We are all aware of some of the negative views that people have about our great sport. I even have a fair few of my own. But it is important to occasionally pat our sport on the back and remind ourselves that it would not be the biggest sport in the world if it only had evil running through its veins.
At the end of a week that saw Carlos Tevez step miles over the proverbial line by refusing to cross the very real one at the side of the pitch, an announcement was issued from a mid table, somewhat unglamorous but well supported side that threw into sharp relief the antics of the despicable Argentine. Niall Quinn was to step down as chairman at Sunderland AFC.

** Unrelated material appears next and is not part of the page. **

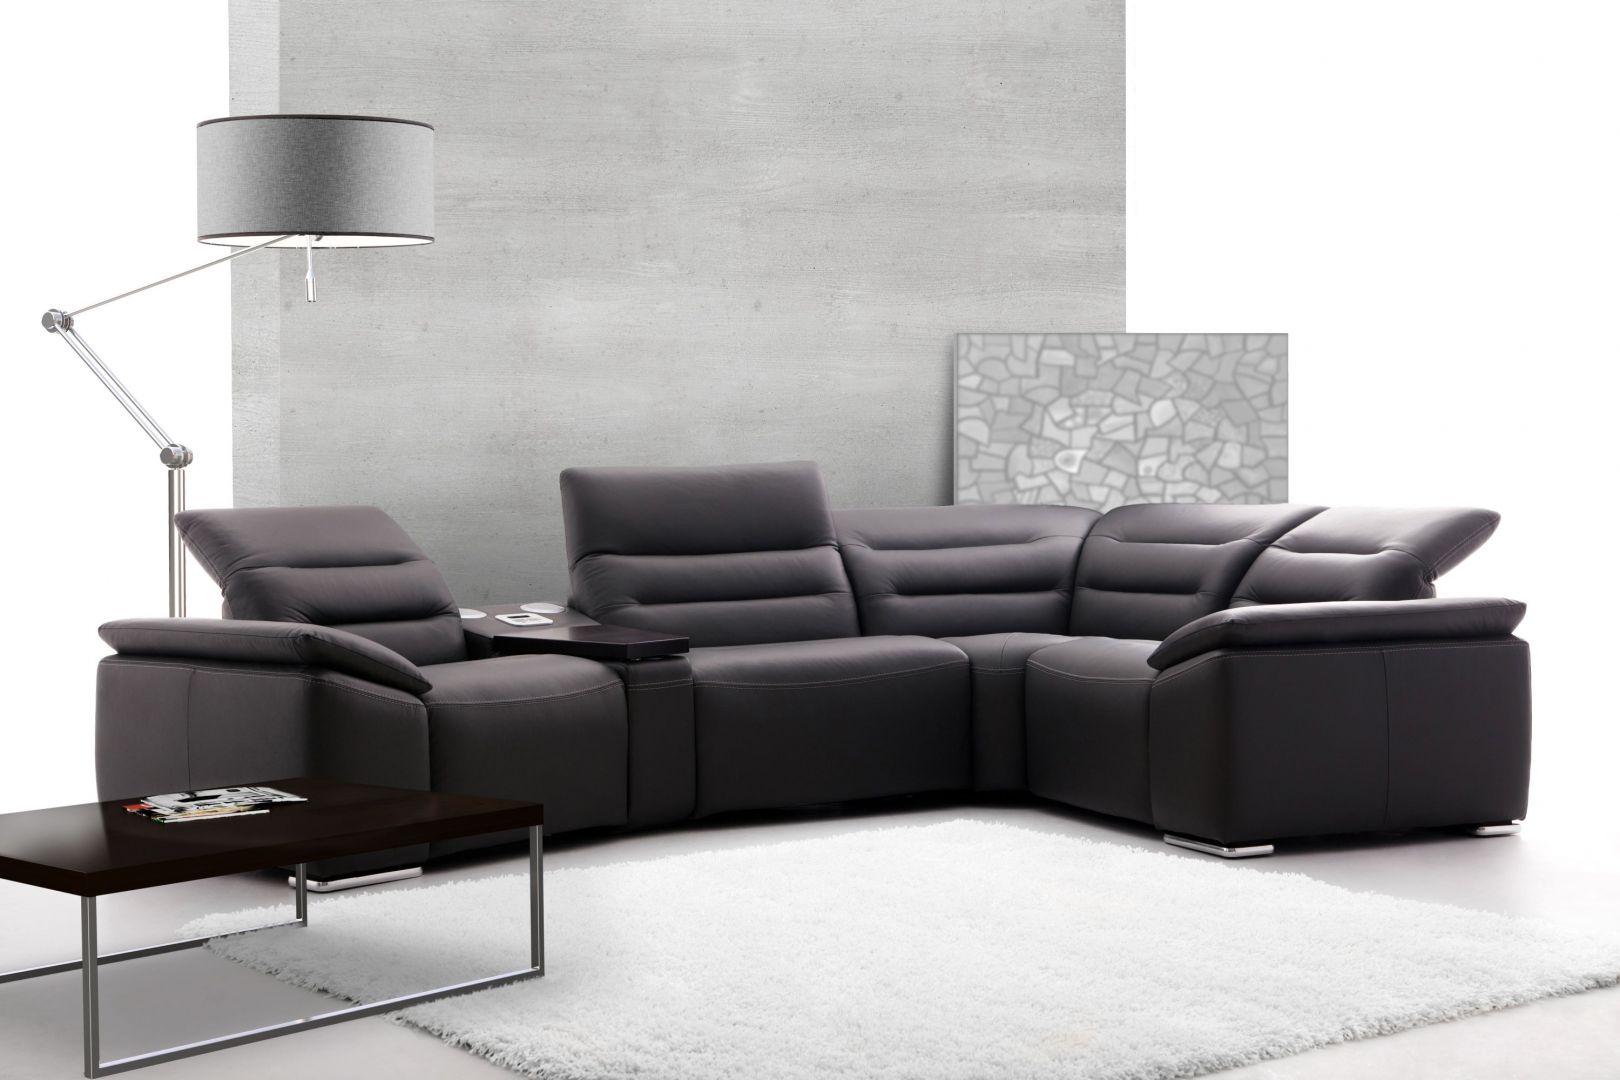 Wśród produktów marki Etap Sofa kolekcję „Impressione” wyposażono w elektryczną lub manualną funkcję relaksu oraz system audio. Fot. Etap Sofa

There was not a more loved chairman in world football. Sunderland fans love the man and have done almost since the day he arrived in the late 90’s from Manchester City as a player. And in a refreshing change from the normal player fan relationship, Quinn loved them back. In a quote now universally known in Sunderland the Irishman said, “I learned my trade at Arsenal, became a footballer at Manchester City, but Sunderland got under my skin. I love Sunderland.”
In his days as a player, he struck up a fantastic partnership with Kevin Phillips which saw the Mackems propel themselves to consecutive seventh place finishes at the start of the century, the highest the club has finished since the Second World War. But it is not for this simple reason that he is loved. Quinn held his testimonial game at the Stadium of Light and donated all the proceeds to children’s charities in the north east and in Ireland. And in 2006, with Sunderland once again a second tier club, he led the Drumaville consortium in their takeover and installed Roy Keane as manager. From bottom of the Championship in 2006 to a top half finish last season, Quinn has been the constant driving force at Sunderland.
There are many stories about Quinn that help to explain his popularity but the best for me is the occasion that he paid for around 100 Sunderland fans to get home from Bristol Airport after their flight was cancelled after a victory away at Cardiff. Rather than see them have to wait until the morning to get home, Quinn stumped up £8,000 for 16 taxis for the group back to the north east, in a moment of generosity that will long be remembered by Sunderland fans.
In his time at Sunderland he has sold the club to Texan billionaire Ellis Short who will now take over as chairman, surely a sign that things are moving in the right direction at a club that not too long ago was the typical yo-yo side with little or no stability. The fact that he has achieved this with a constant smile and a real bond with the fans is a credit to his infectious personality. Not many people in football can claim to have no enemies, but Niall Quinn is certainly one of them.